Only works with PhraseGroundingResponse and VQAResponse prediction types. Does not work with GenericResponse.

Supported prediction types:

  • PhraseGroundingResponse — Draws bounding boxes with phrase labels and displays the sentence caption
  • VQAResponse — Creates a side panel showing the question and answer
⚠️

GenericResponse not supported

The visualize_prediction() function will not work with GenericResponse predictions. GenericResponse indicates that the model output could not be parsed into a structured format (PhraseGrounding or VQA), so there's no standardized way to visualize it.

If you need to visualize GenericResponse outputs, you'll need to implement custom visualization logic based on your specific output format.

Custom visualization

For users who want to customize visualization styling, layout, colors, or behavior beyond what the built-in utility provides, you can implement your own visualization using PIL/Pillow, OpenCV, or matplotlib:

from PIL import Image, ImageDraw, ImageFont
from vi.inference.task_types.phrase_grounding import PhraseGroundingResponse

def visualize_result(image_path, result, output_path="output.jpg"):
    """Visualize inference result with bounding boxes."""
    image = Image.open(image_path)
    draw = ImageDraw.Draw(image)
    width, height = image.size

    # Draw grounded phrases
    if isinstance(result, PhraseGroundingResponse):
        for grounding in result.result.groundings:
            # Each grounding can have multiple bounding boxes
            for bbox in grounding.grounding:
                # Convert to pixel coordinates
                x_min = bbox[0] / 1024 * width
                y_min = bbox[1] / 1024 * height
                x_max = bbox[2] / 1024 * width
                y_max = bbox[3] / 1024 * height

                # Draw rectangle
                draw.rectangle(
                    [(x_min, y_min), (x_max, y_max)],
                    outline='red',
                    width=3
                )

                # Draw label
                draw.text(
                    (x_min, y_min - 10),
                    grounding.phrase,
                    fill='red'
                )

        # Add caption at top
        draw.text((10, 10), result.result.sentence[:100], fill='white')

    # Save
    image.save(output_path)
    print(f"Saved visualization to {output_path}")

# Usage
result, error = model(source="image.jpg")
if error is None:
    visualize_result("image.jpg", result, "output.jpg")
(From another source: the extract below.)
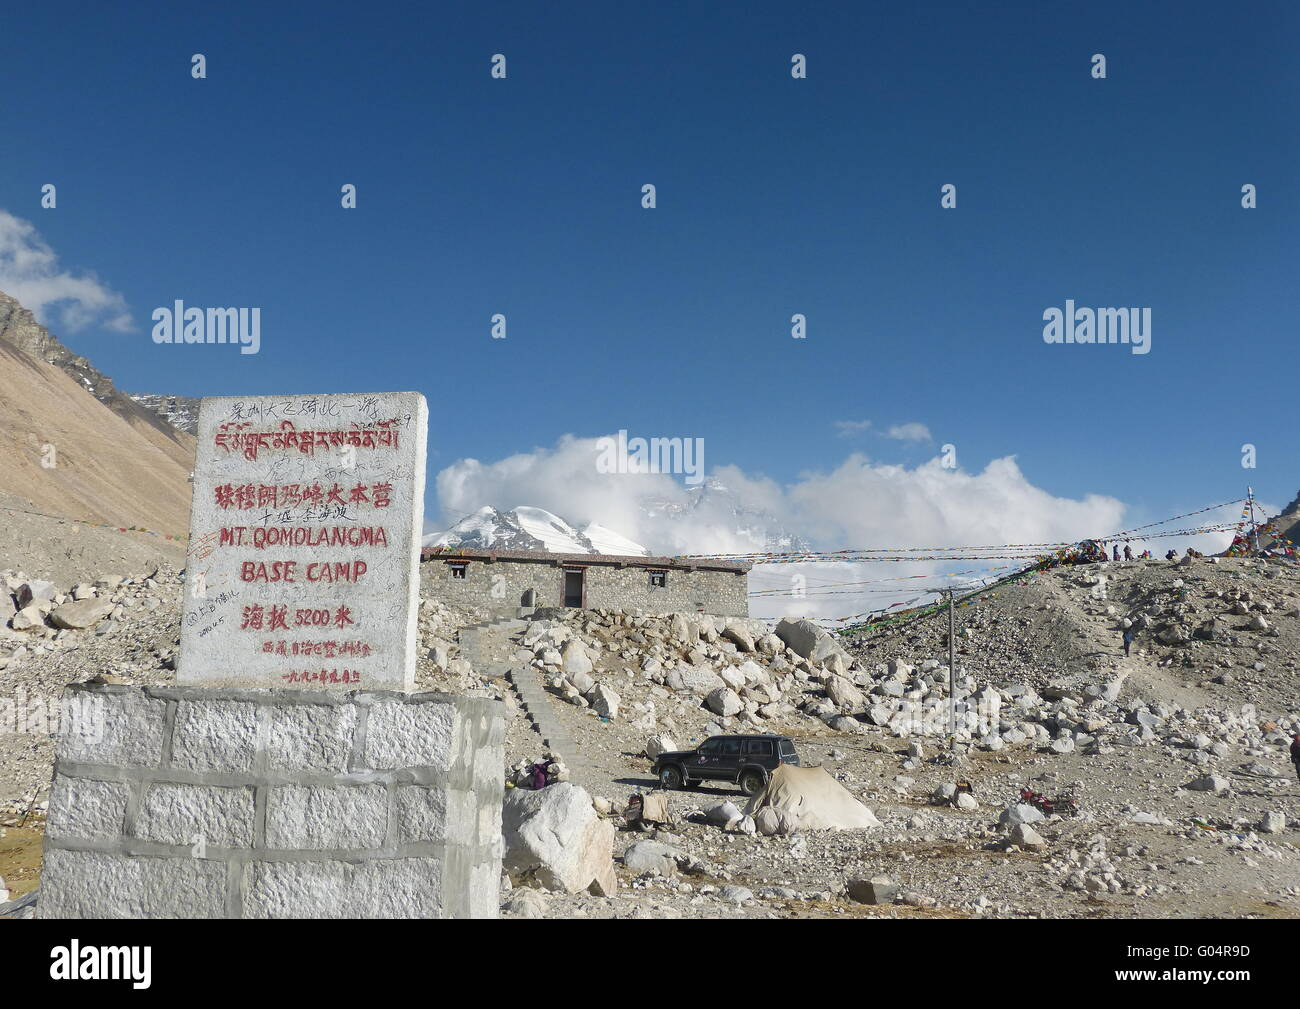 Elevation milestone at Mount Everest Base Camp indicating altitude of 5200 above sea level on the Tibet side. - Stock Image

Color-coded visualization (custom)

Example of custom visualization with different colors for each object:

from PIL import Image, ImageDraw
from vi.inference.task_types.phrase_grounding import PhraseGroundingResponse

def visualize_with_colors(image_path, result, output_path="output.jpg"):
    """Visualize with different colors for each object."""
    image = Image.open(image_path)
    draw = ImageDraw.Draw(image)
    width, height = image.size

    if isinstance(result, PhraseGroundingResponse):
        colors = ['red', 'blue', 'green', 'yellow', 'purple', 'orange']

        for i, grounding in enumerate(result.result.groundings):
            color = colors[i % len(colors)]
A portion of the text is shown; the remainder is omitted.